Campos Ferreira prossegue o seu triste papel de sempre, qualquer que seja o governo. Já passou pelos de Durão, Santana, Sócrates e agora Passos Coelho: o governo quer, Fátima faz, o governo tem. Cada semana, cada ministro. Na semana passada, Relvas. Quem será o ministro do Prós e Contras de amanhã?
É tal a submissão à agenda dos governos que o programa não tem a mínima credibilidade jornalística. Manteve-se durante anos fora da alçada da Direcção de Informação da RTP, absurdo que só a sua submissão ao governo poderia justificar. Depois passou para a alçada da Direcção de Informação no tempo de Sócrates… e ficou na mesma ou pior. Desta vez, a rejeição de que o programa rélvico--angolano se chamasse Prós e Contras indica que a Direcção de Informação da RTP não quis sujeitar o grosso dos jornalistas da RTP ao vexame a que Guilherme Costa, Marinho e Campos Ferreira o sujeitaram.
Aliás, é precisamente a relativa independência da actual informação da RTP nos seus noticiários, impensável durante o consulado de Sócrates, que leva o actual governo a agarrar-se ainda mais ao Prós e Contras como veículo para as suas prioridades de agenda.

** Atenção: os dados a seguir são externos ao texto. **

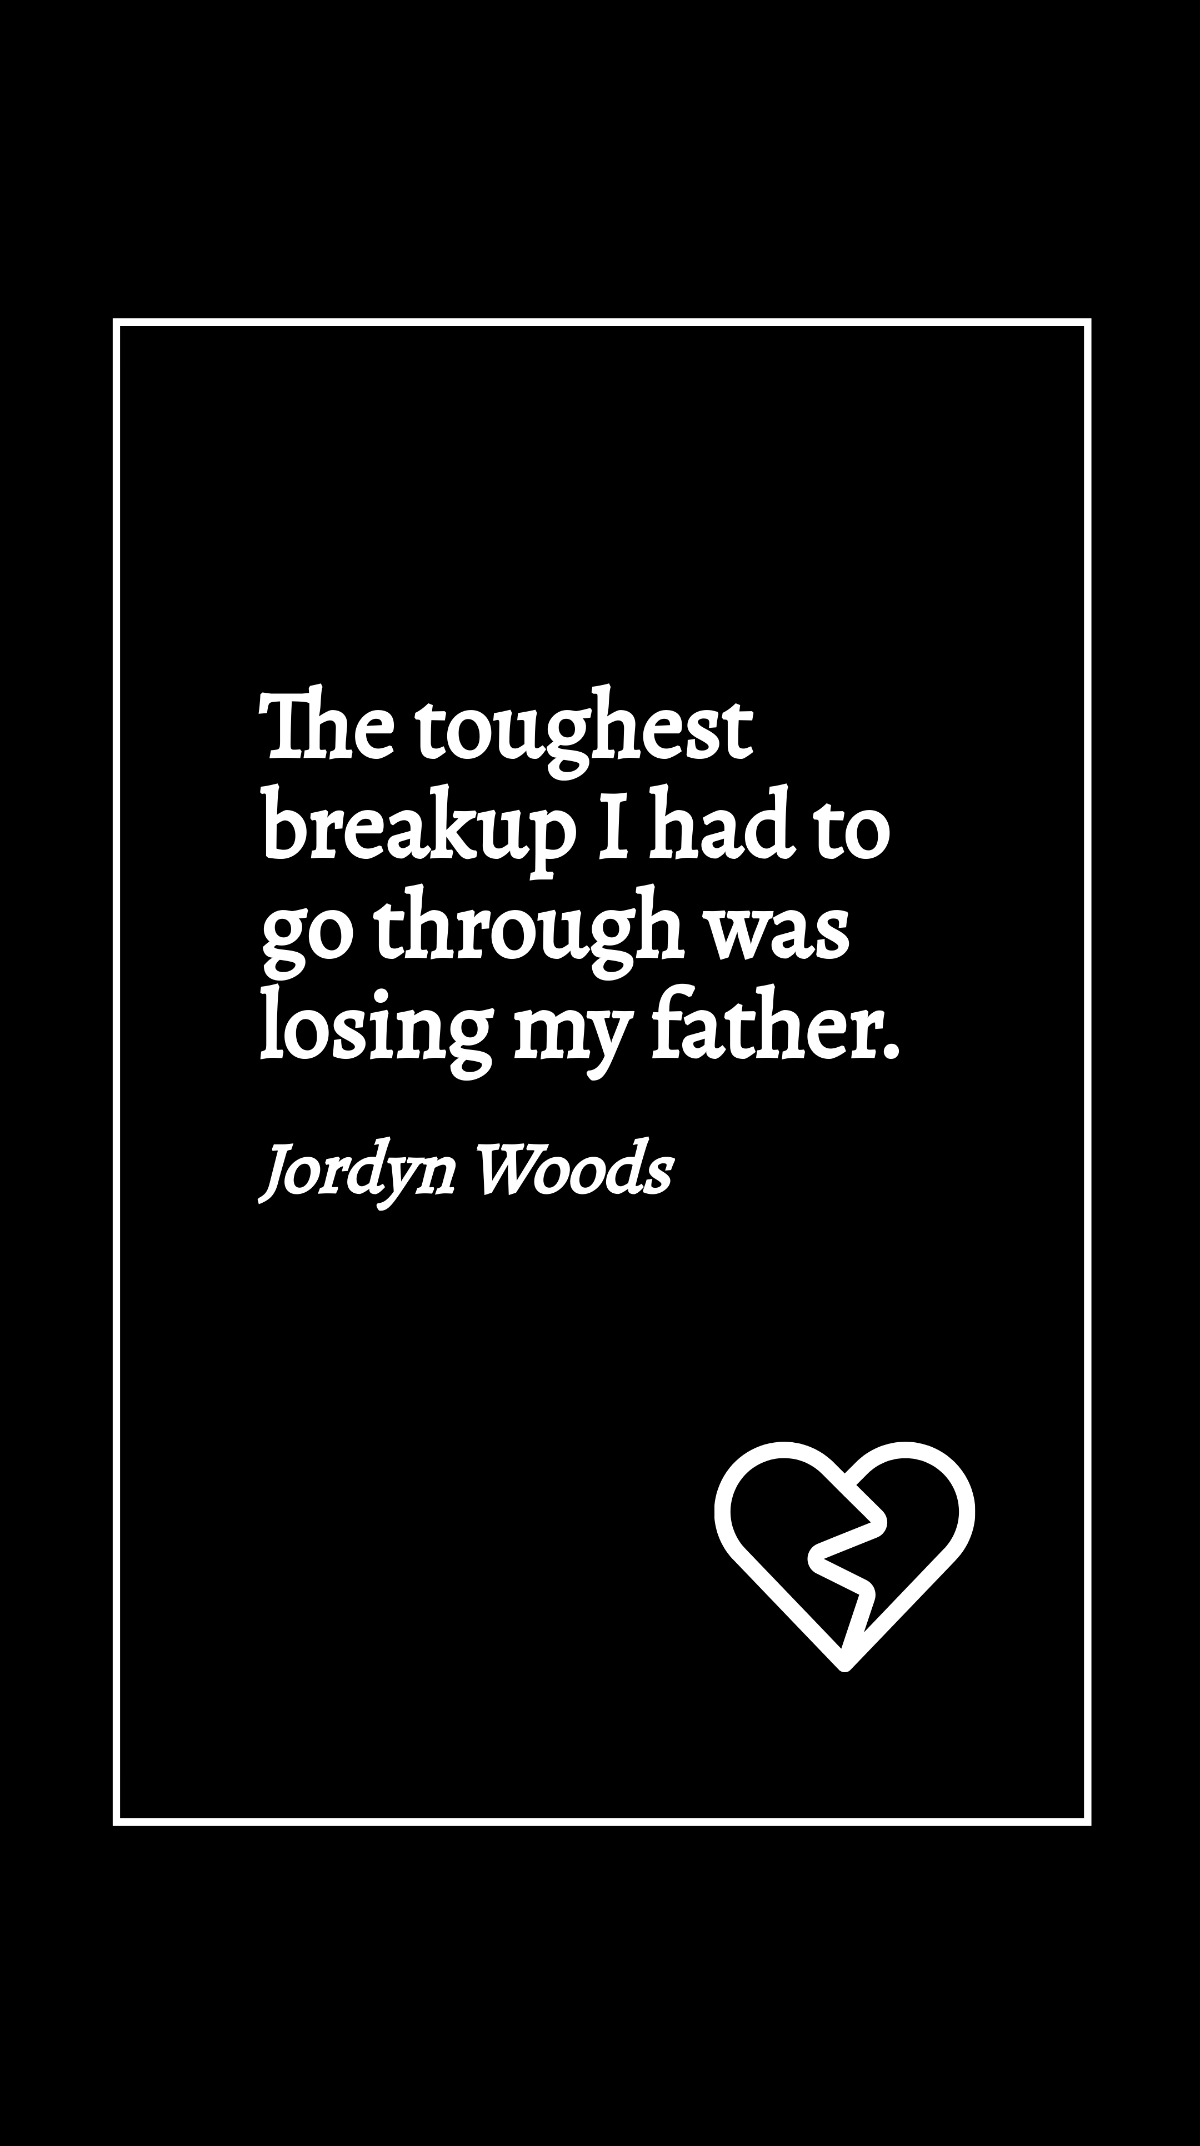 Free Jordyn Woods - The toughest breakup I had to go through was losing my father. Template

Não se questiona que os ministros de qualquer governo em democracia devem ser entrevistados. O governo governa, tem de comunicar e confrontar-se com perguntas. Mas não pode usar-se o "serviço público" segundo a agenda do executivo em vez de critérios jornalísticos. Foi por causa de programas como o de Luanda que o recente Grupo de Trabalho de que fiz parte propôs uma menor carga informativa no operador público, "face à intervenção ilegítima ou eticamente reprovável dos diferentes poderes" nos media do Estado, "ao falhanço do actual modelo de regulação" pela ERC e à "incapacidade do modelo de controle pelo parlamento". Pagamos impostos em dinheiro, e o ministro Relvas, a RTP e a ERC devolvem-nos lixo.
JÁ AGORA
EXTRAORDINÁRIA REPORTAGEM SOBRE A LEITURA
A RTP 1 faz reportagens para ter audiências: Mickael Carreira, Rei Ghob, prostituição masculina... Entretanto, vi na TVI uma reportagem de interesse público sobre o peixe em Portugal; e na SIC uma das melhores reportagens de interesse público em anos: a repórter relatou a experiência com a leitura duma professora e seus alunos numa aldeia: através de contos lidos na aula e, depois, em casa, pelos miúdos em família, alterou-se de modo radical — eu diria revolucionário — a relação da população com a leitura, tornando-a alavanca de progresso escolar, de melhoria da condição humana das crianças e seus pais e ainda do convívio familiar. Uma experiência e uma reportagem que o Ministério da Educação deveria sugerir a professores e alunos de todo o país.
A VER VAMOS
A ILEGALIDADE DA ERC E DA RTP
RTP e ERC têm a obrigação estrita de cumprir a lei e revogar a nomeação de um "director-geral de conteúdos" da RTP. O cargo não existe. Foi rejeitado pelo parlamento, como recordou Manuel Falcão no ‘Jornal de Negócios’, porque contraria a autonomia dos directores de Informação e Programas face à administração nomeada pelo governo. O que espera o parlamento para impedir a ilegalidade?